Record excerpts:
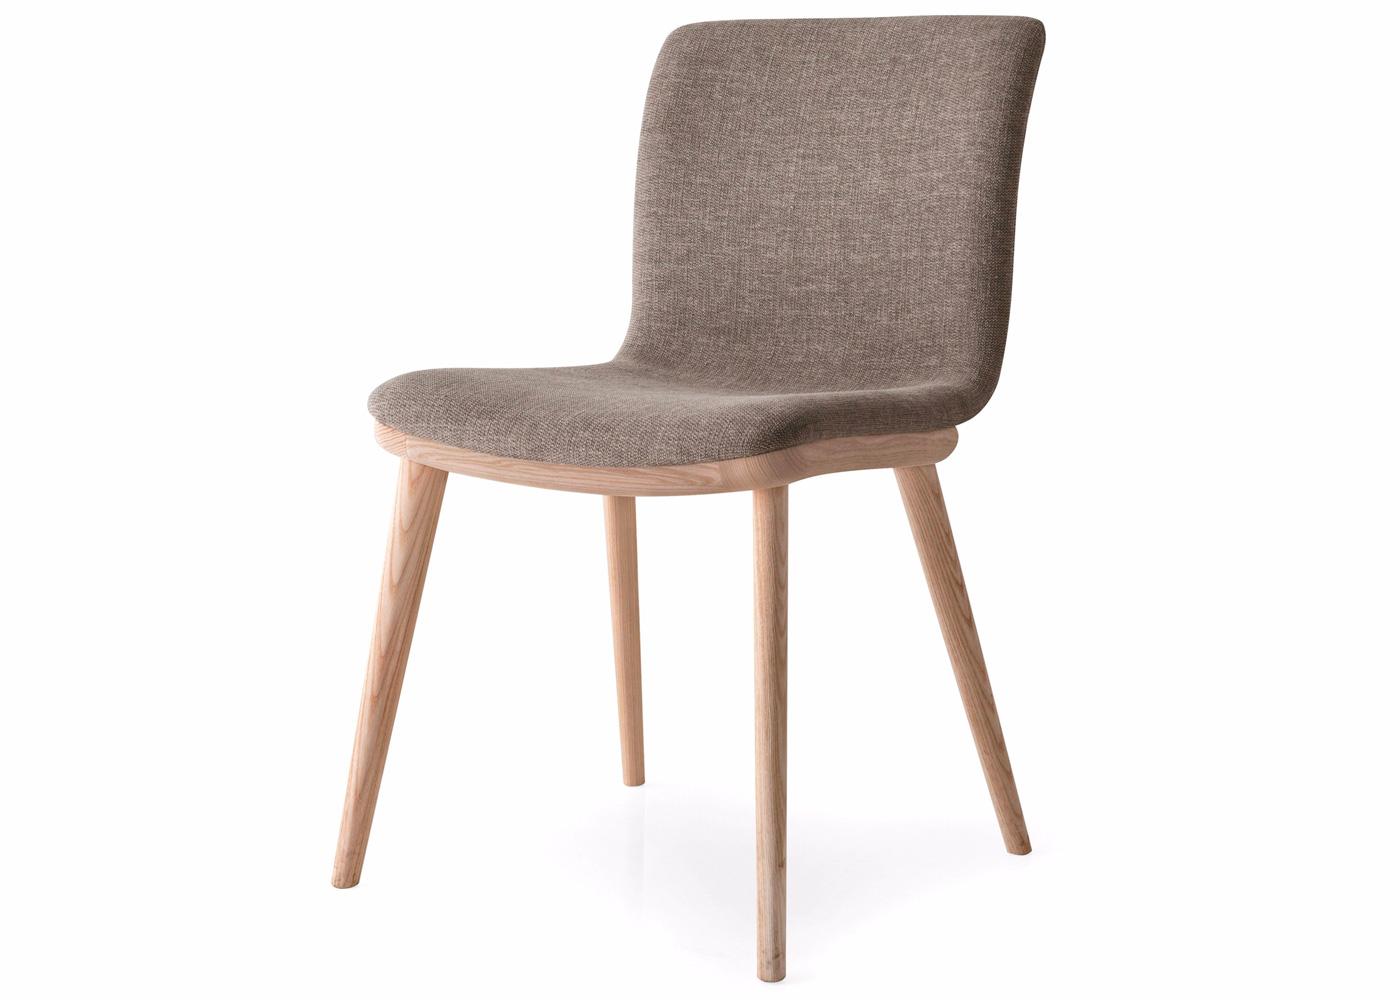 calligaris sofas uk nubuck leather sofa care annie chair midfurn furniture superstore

...

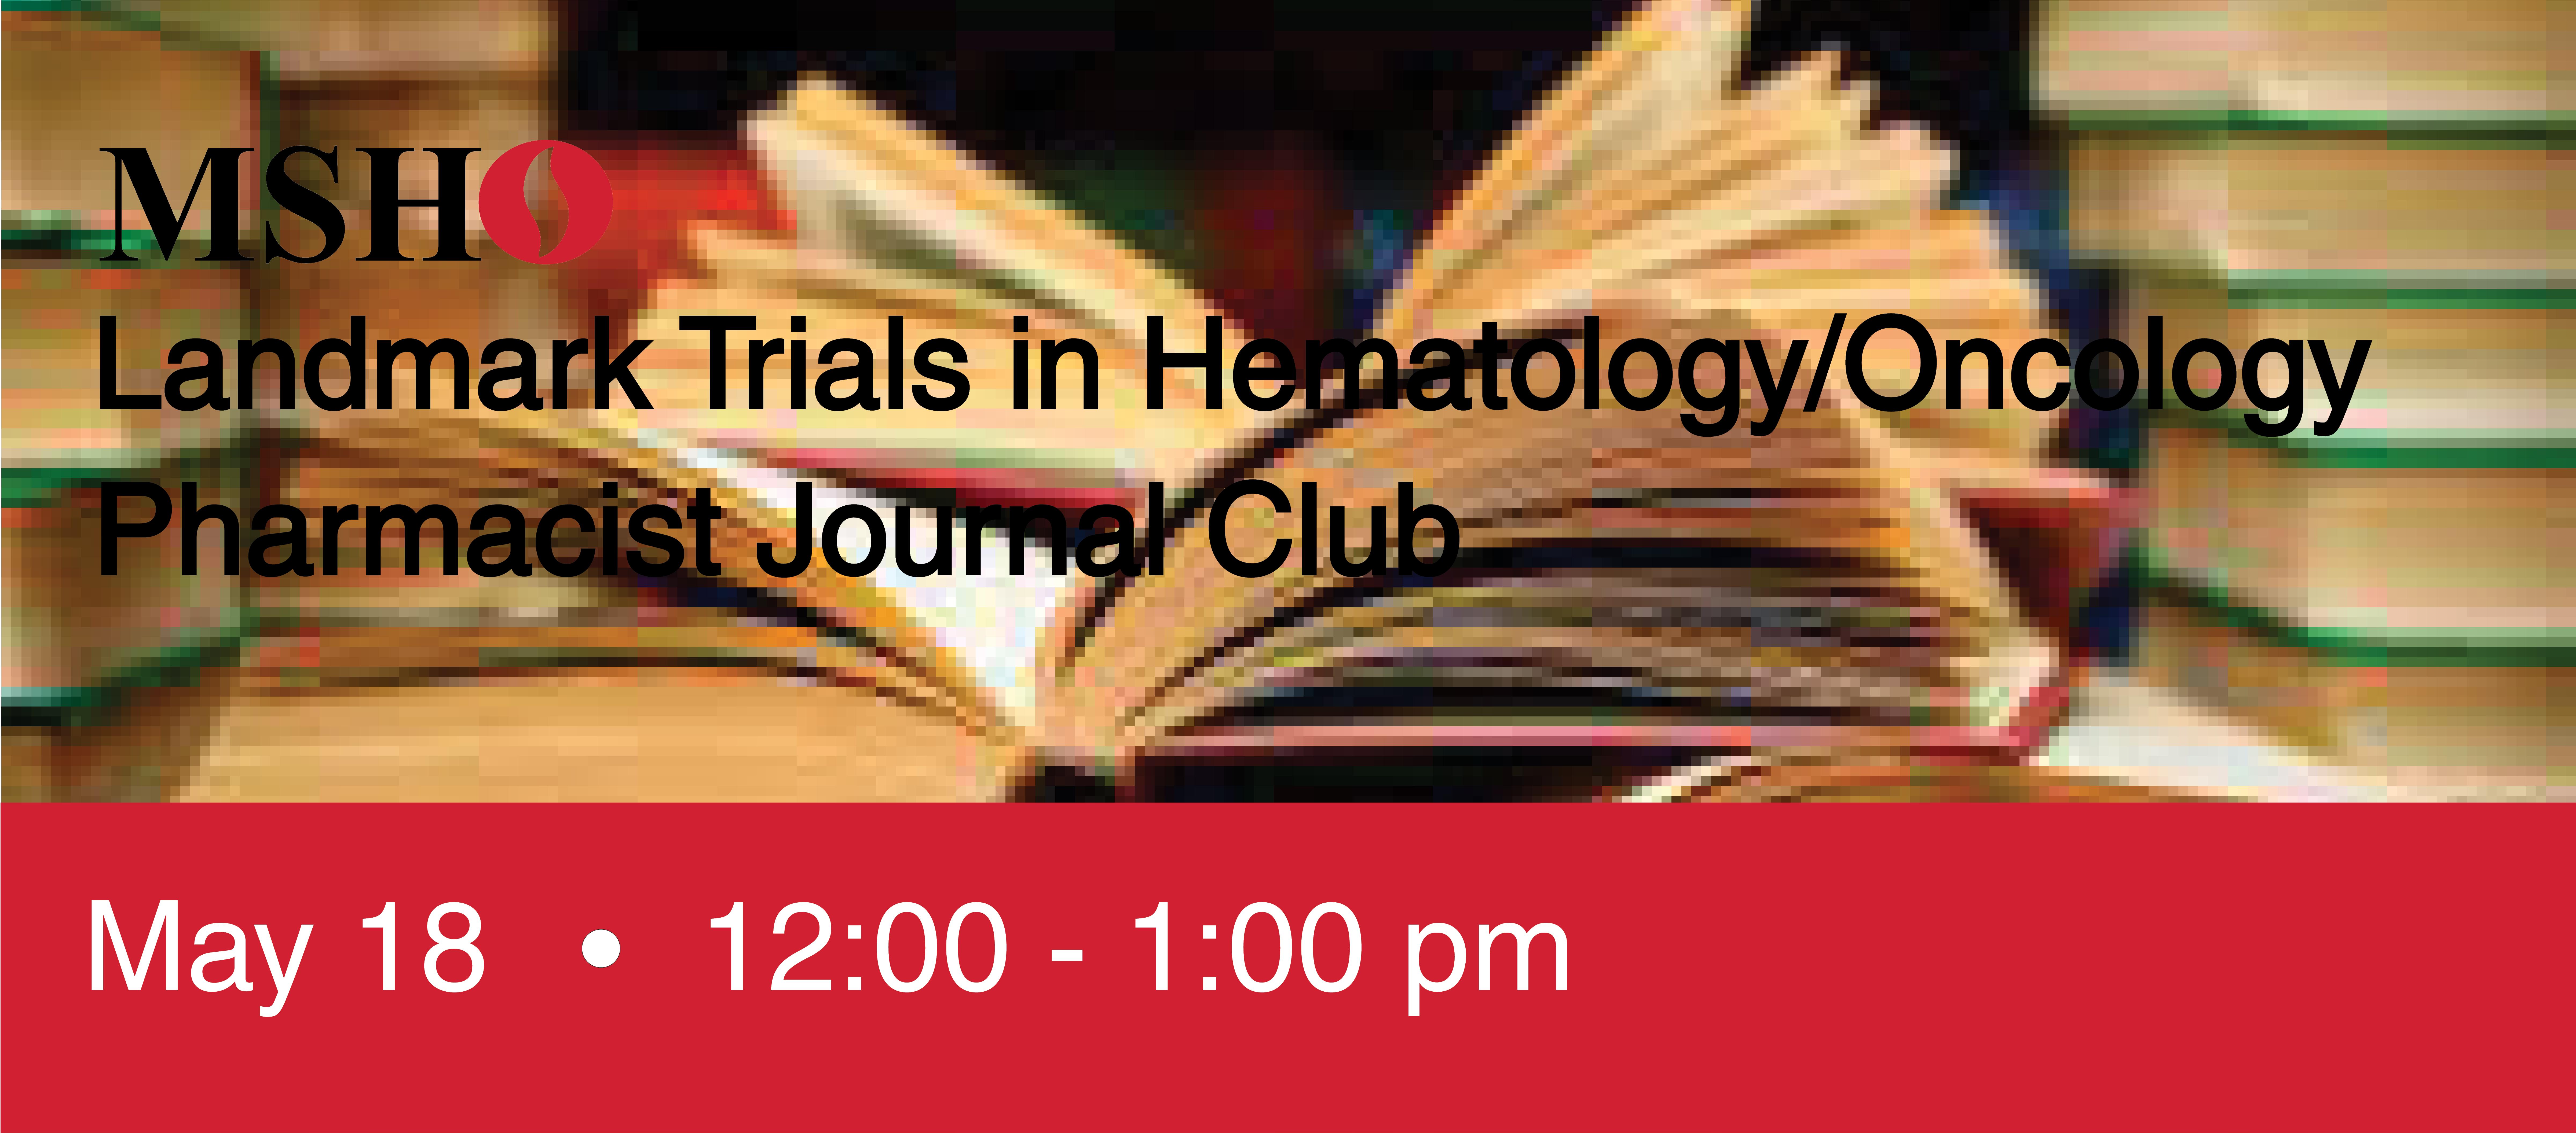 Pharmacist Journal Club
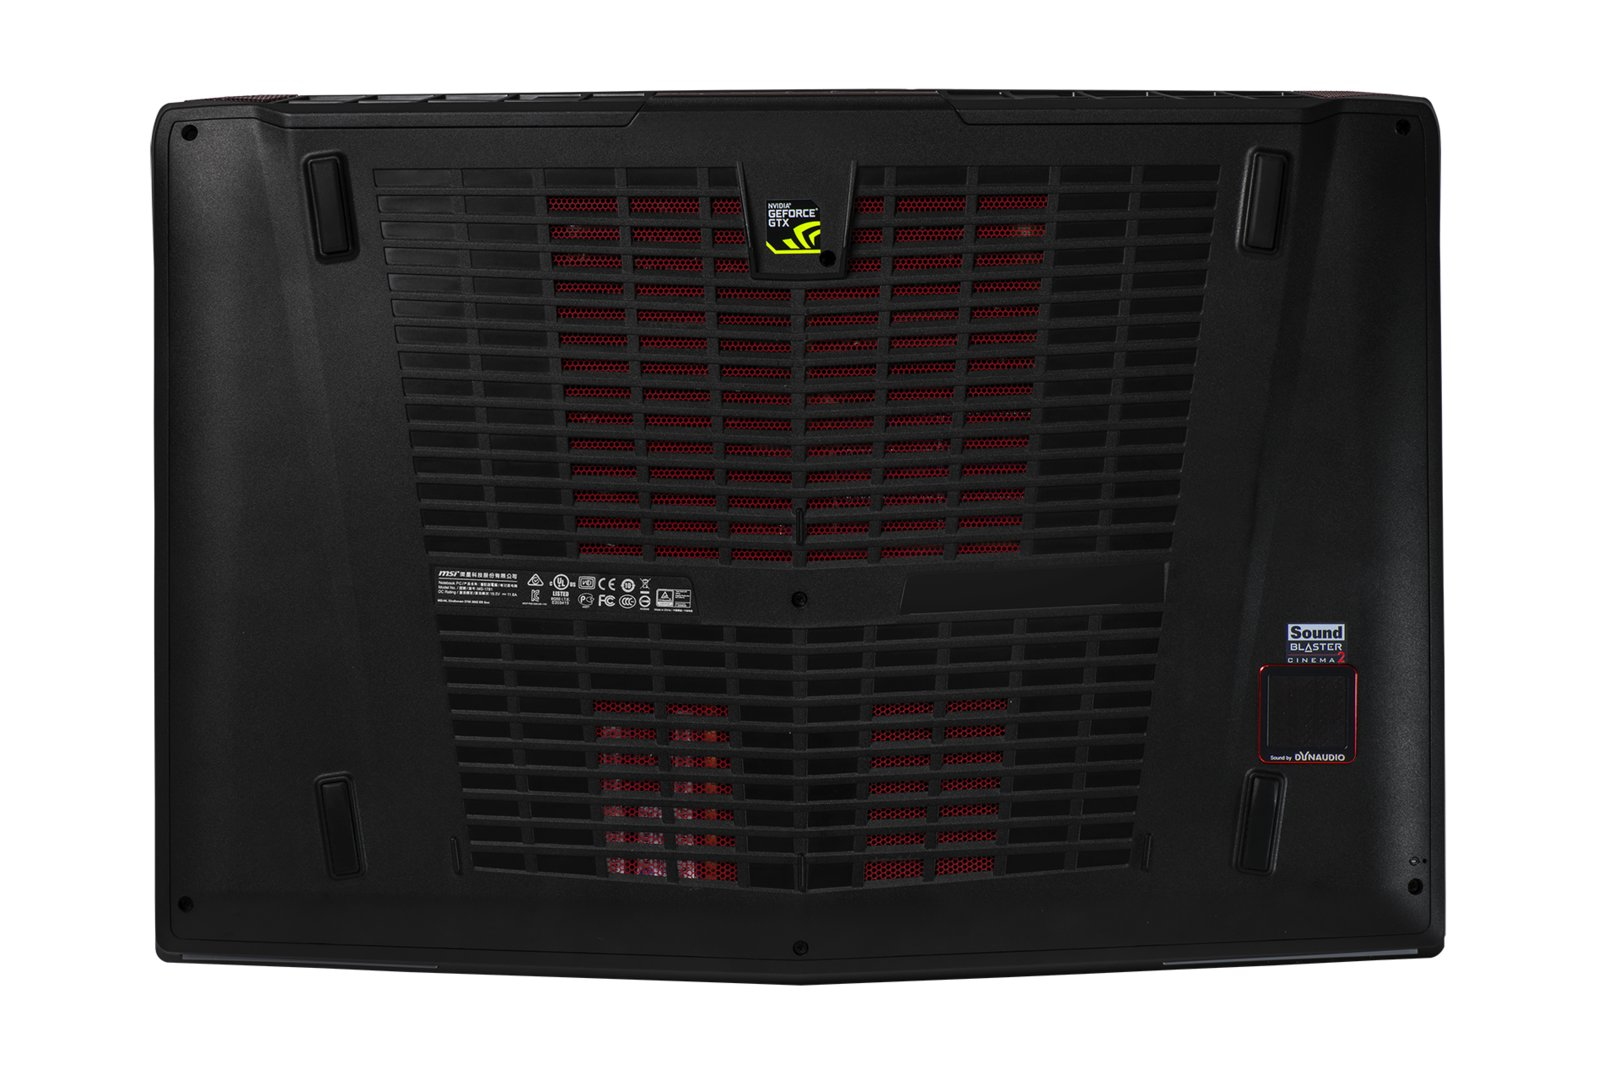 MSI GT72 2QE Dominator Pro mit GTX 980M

Work required: Starting with the line that contains "Pharmacist Journal Club" and finishing with the line that contains "MSI GT72 2QE Dominator Pro mit GTX 980M", reproduce every line of the material above exactly, but not the pictures.

Solution to this task:
 Pharmacist Journal Club
 MSI GT72 2QE Dominator Pro mit GTX 980M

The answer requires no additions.